***** Collected material

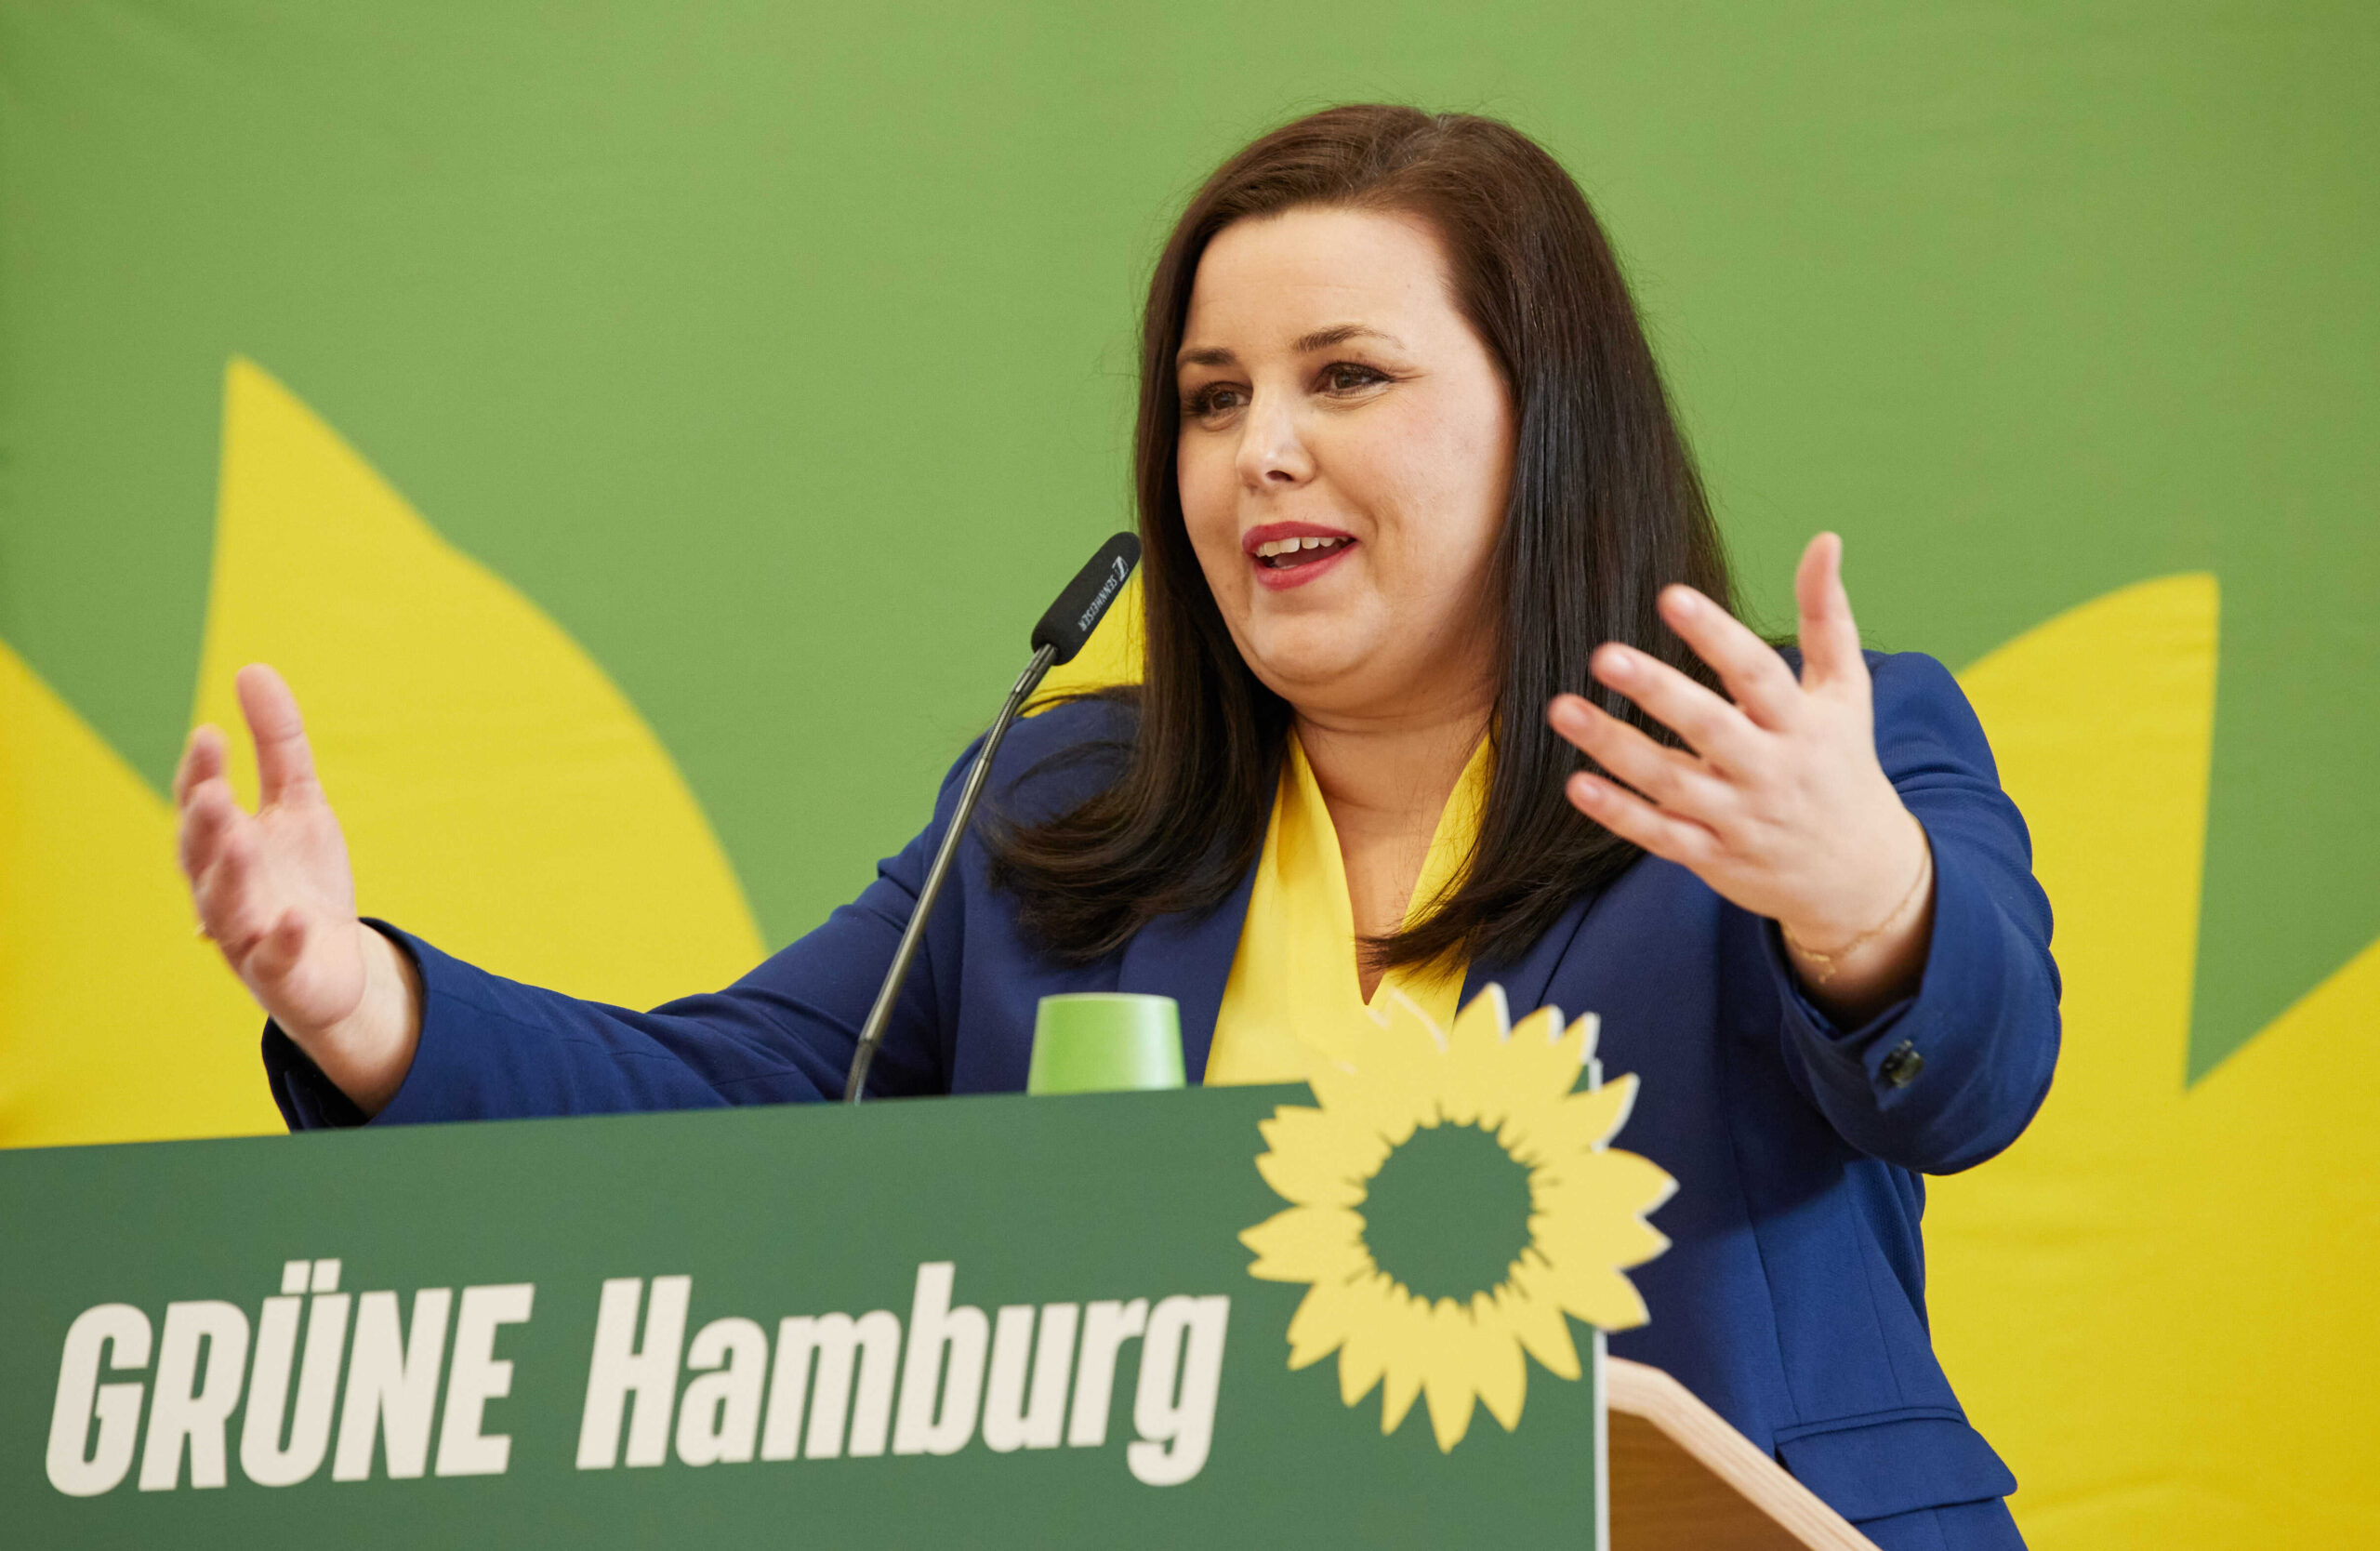 Anna Gallina (Bündnis 90/Die Grünen), Senatorin für Justiz und Verbraucherschutz in Hamburg, spricht auf dem Kleinen Parteitag der Grünen Hamburg über den Ukraine-Konflikt.
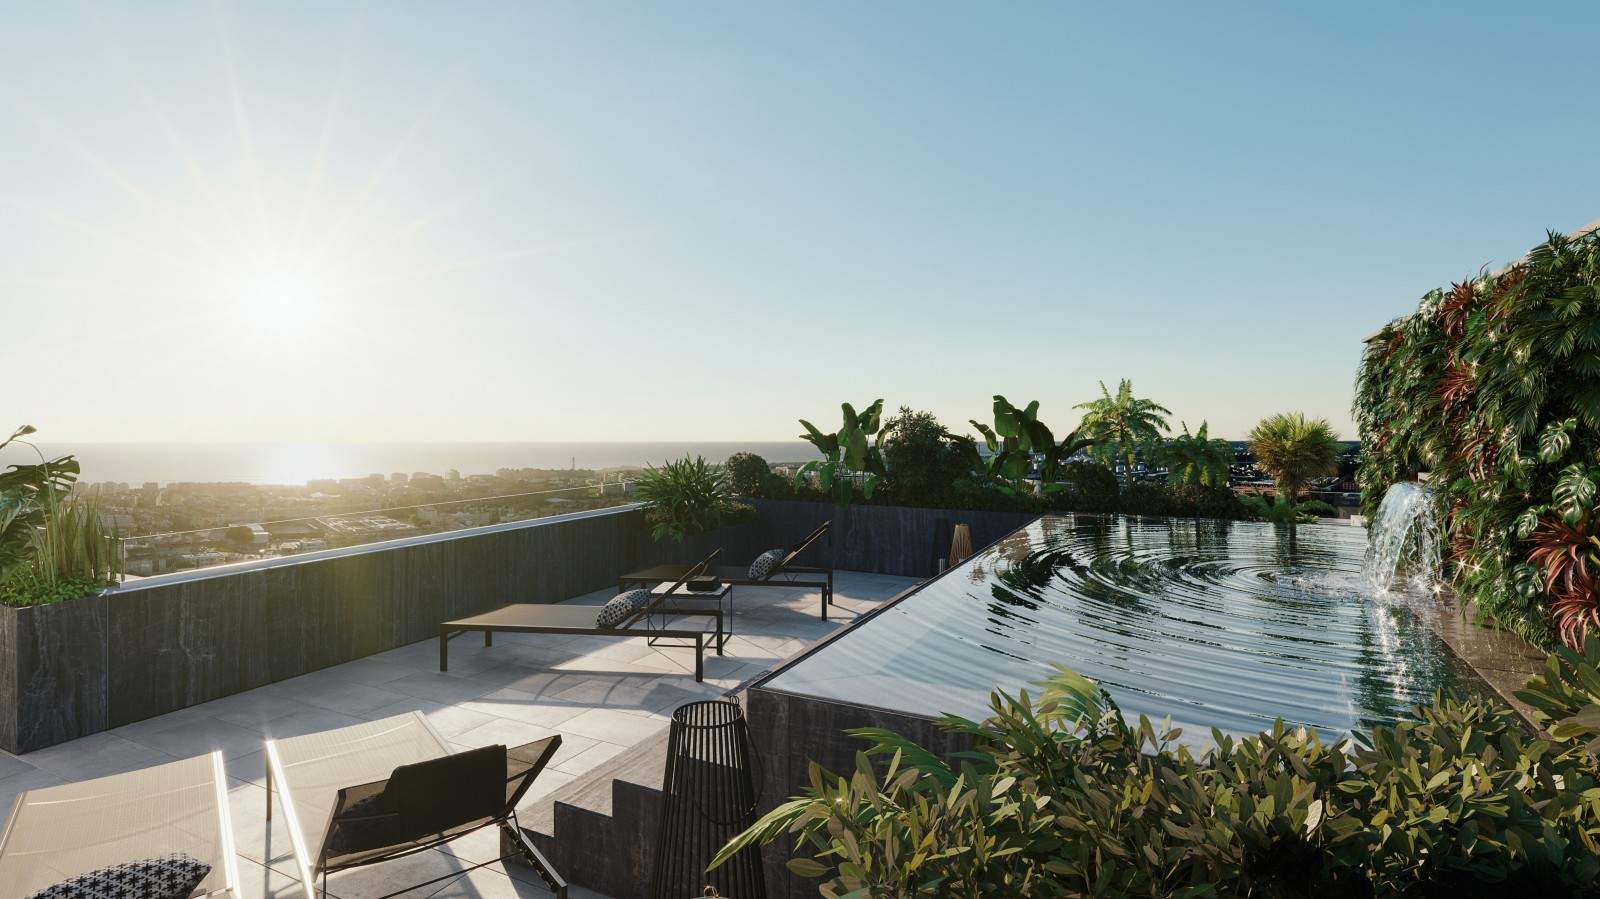 Neues Penthouse mit Terrasse und Pool, zu verkaufen, in Leça da Palmeira, Porto, Portugal_206852
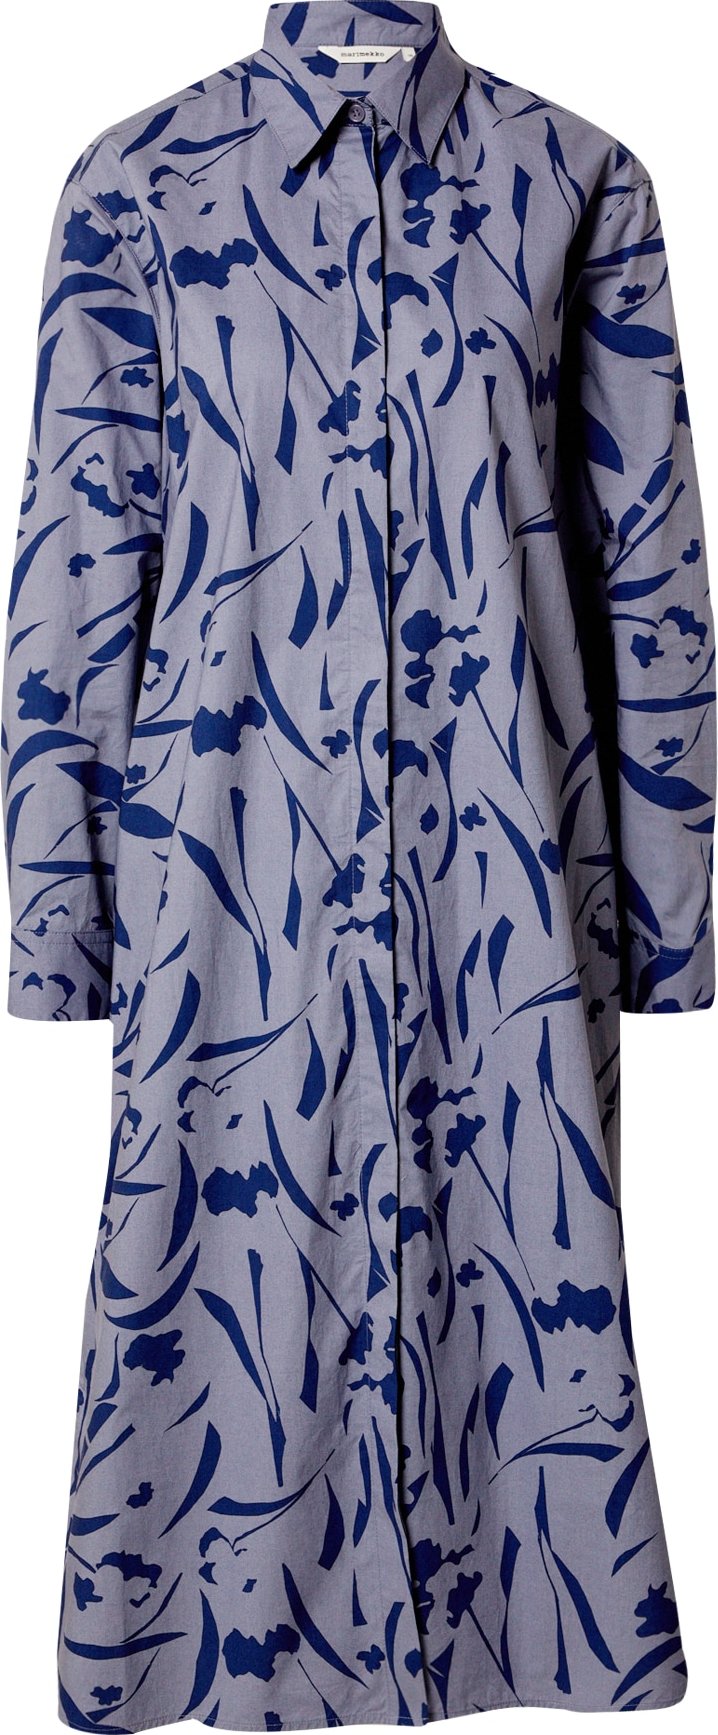 Marimekko Košilové šaty 'Runoelma' námořnická modř / šedá
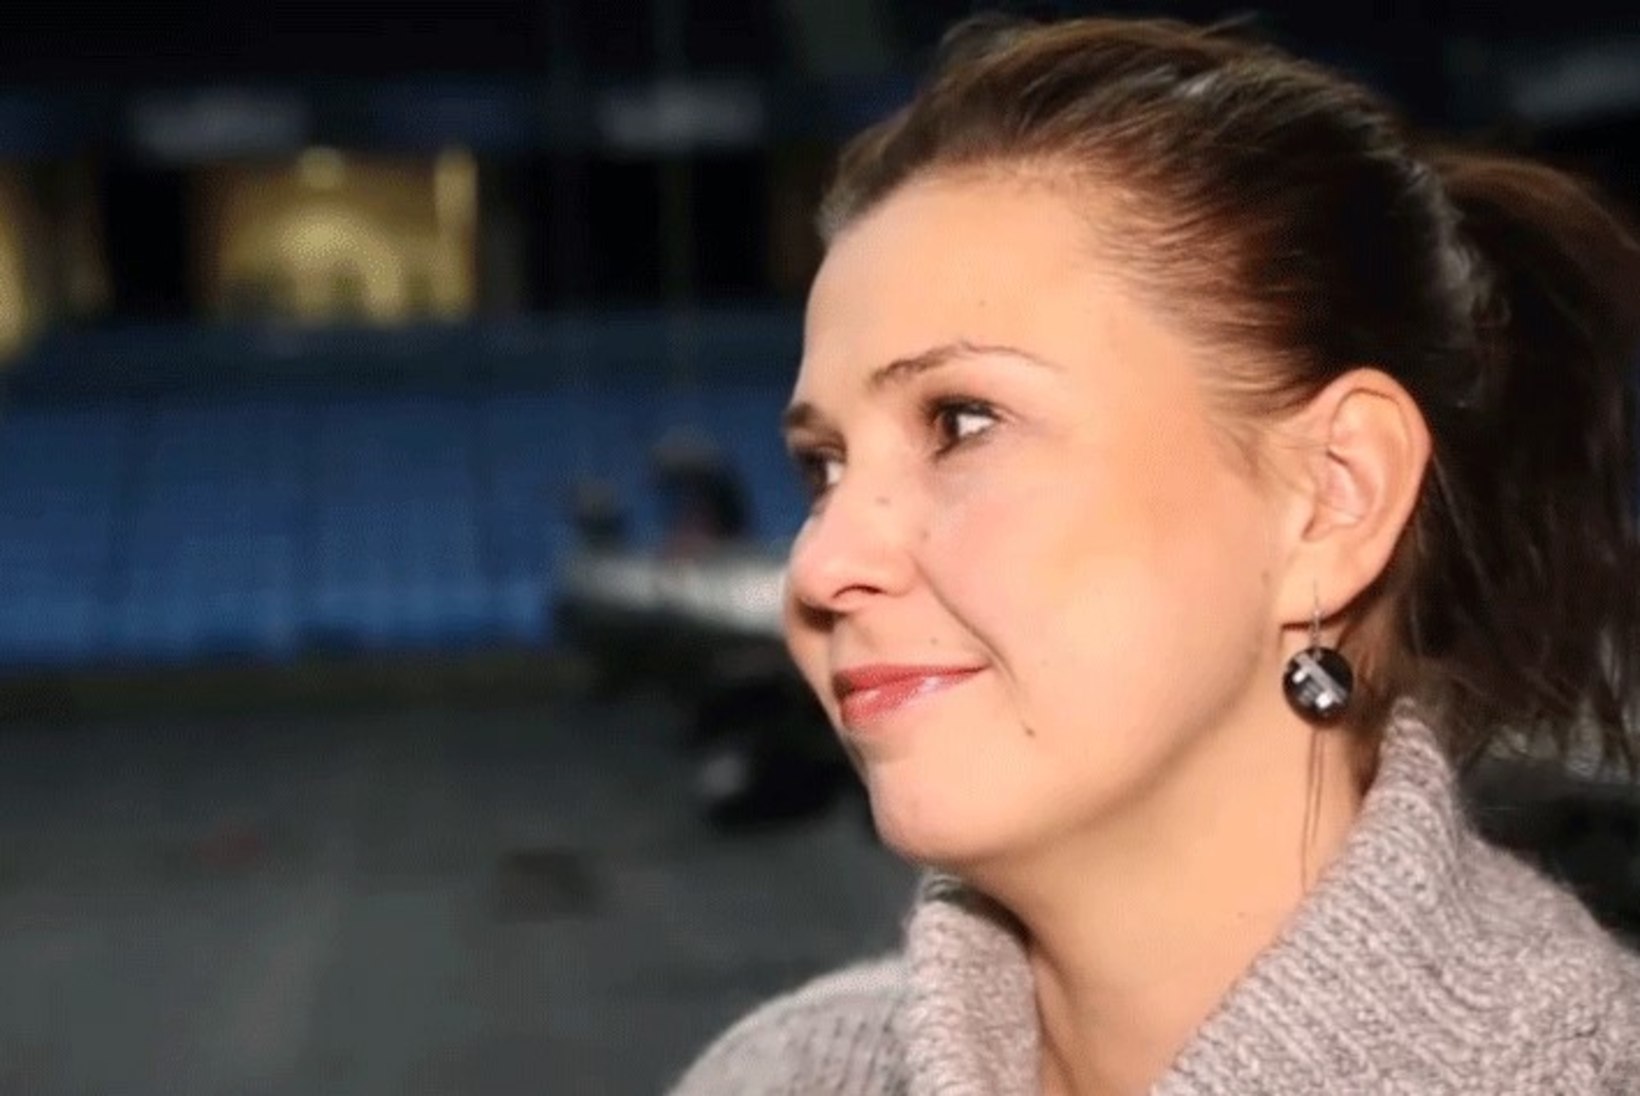 ÕHTULEHE VIDEO | Vaata, mida soovib Maiken kõikidele Eesti inimestele algavaks aastaks

**********

Work instruction:
Omit every picture, then reproduce the rest of the listing exactly.

Output of the task:
 Anna Gallina (Bündnis 90/Die Grünen), Senatorin für Justiz und Verbraucherschutz in Hamburg, spricht auf dem Kleinen Parteitag der Grünen Hamburg über den Ukraine-Konflikt.
 Neues Penthouse mit Terrasse und Pool, zu verkaufen, in Leça da Palmeira, Porto, Portugal_206852
 Marimekko Košilové šaty 'Runoelma' námořnická modř / šedá
 ÕHTULEHE VIDEO | Vaata, mida soovib Maiken kõikidele Eesti inimestele algavaks aastaks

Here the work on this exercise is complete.